In the brutalist architecture of Fosbury & Sons Boitsfort — imagined by Constantin Brodzki as an inhabited sculpture — 'Ce qui s’efface demeure' (What Fades Remains) explores the memory held within materials. Through canvas, jute, linen, and paper, the artists summon surfaces where gestures leave a trace, and where erasure becomes a form of revelation.
Juliette Lemontey works with old fabrics — worn linen and cotton sheets marked by time — where her faceless figures float like uncertain memories, suspended between appearance and disappearance. Chidy Wayne, in contrast, embraces the raw texture of jute, etching gestural forms into its surface, as if wrestling with the material itself.
With her delicate linen weavings, Toufan Hosseiny creates a fragile language where threads intertwine, unravel, and rejoin — a metaphor for human stories that fray and are pieced back together.
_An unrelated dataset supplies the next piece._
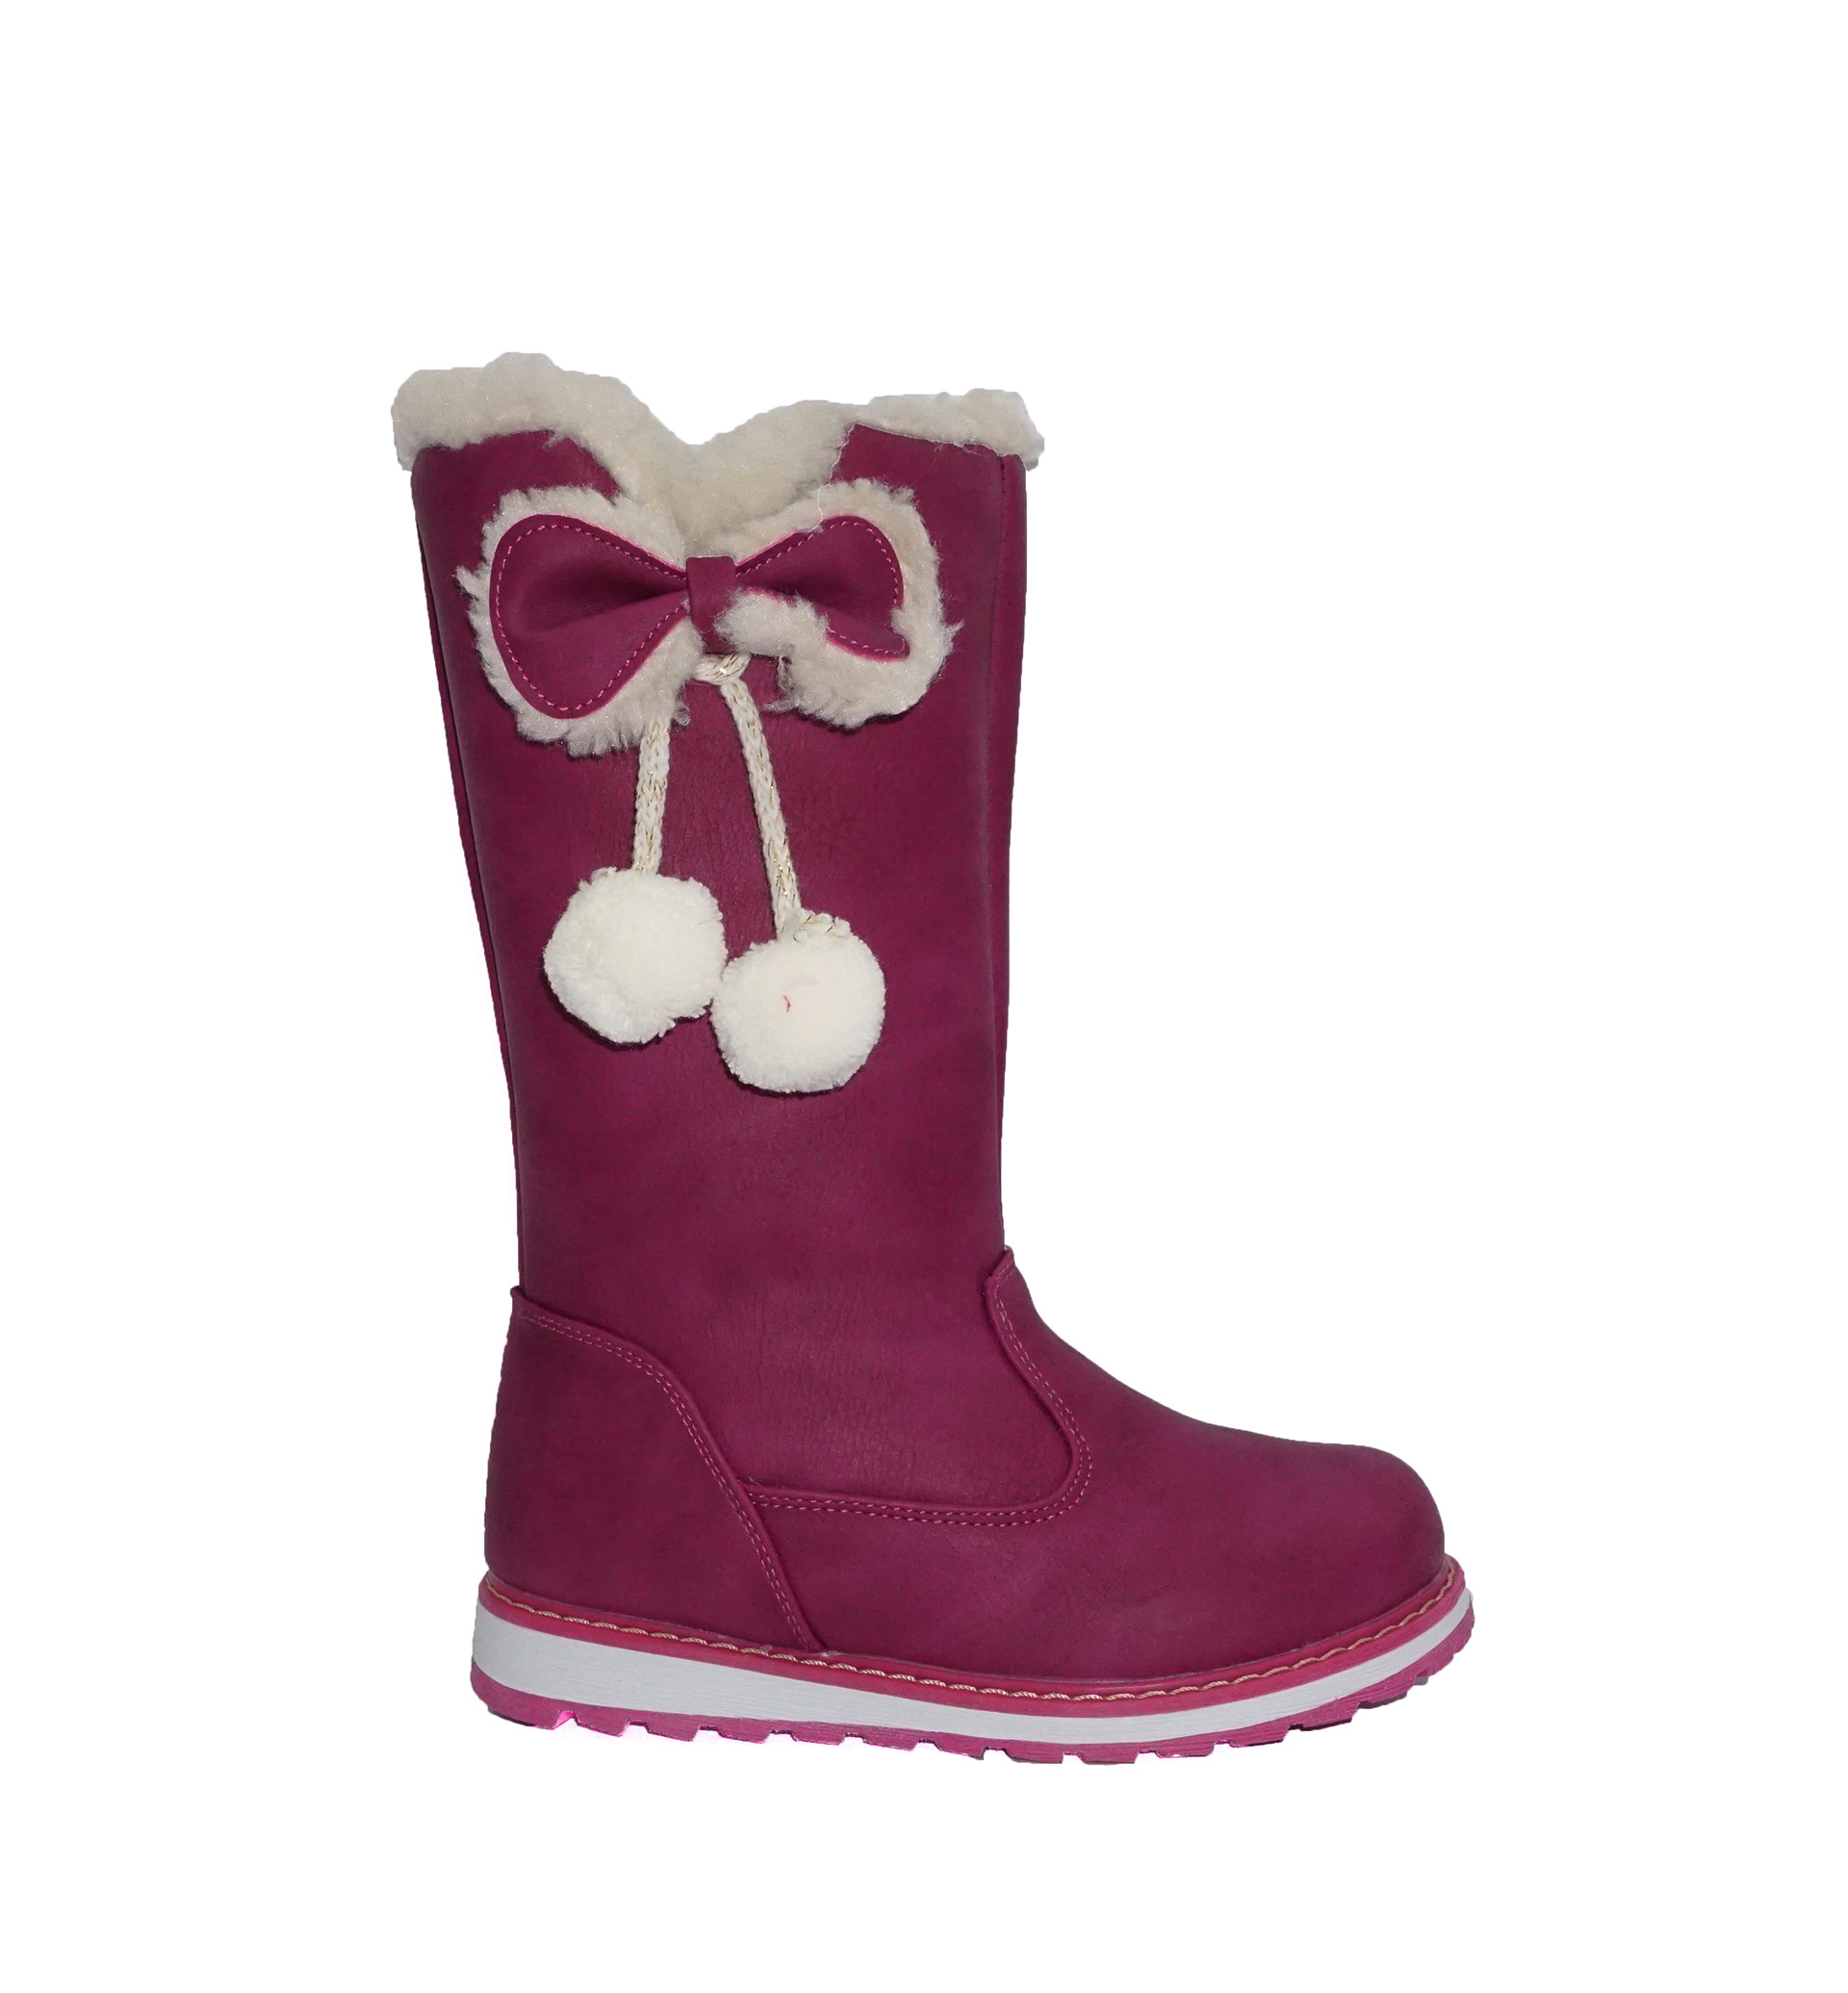 f5f9ee7fd65 Детски ботуши PINOKYO | Обувки - Детски, дамски и мъжки обувки

Silvia de Marchi, meanwhile, distresses paper — tearing, hollowing, and reworking it into a new surface, a reconstructed skin where destruction and creation coexist.
Jamie Mills investigates the interaction between material and environment by collecting natural and synthetic elements, fragmenting and reassembling them. His compositions evoke landscapes on the edge of the tangible and the imagined, where decay becomes a metamorphic process.
Moritz Berg captures the poetry of everyday life through minimalist works that reflect the connection between humans and nature. His pieces play with light, textures, and imperfections, revealing the transience of fleeting moments.
Giorgio Petracci draws from the memory of his homeland — the Adriatic coast — and the materials that shape it. Working with wood, photography, and painting, he explores the passage of time, between disappearance and endurance, absence and presence.
Armando Mesías lingers on erasure, time passing, and the ambiguity of memory. His work blends figuration and abstraction, conjuring ghostly traces and images that question what escapes us — and what remains.
Roan van Oort constructs abstract landscapes from raw materials — pigment, sand, lime. His delicate, timeless compositions seem to breathe with light and space, evoking a state of perpetual transformation.
Ce qui s’efface demeure explores the tension between disappearance and endurance, between the tangible and the ephemeral. Like the concrete walls that bear the memory of a radical architectural gesture, the works in this exhibition remind us that matter, even altered, holds a trace. What fades does not vanish — it is inscribed differently: in the fibre, in the fold, in the memory of those who see.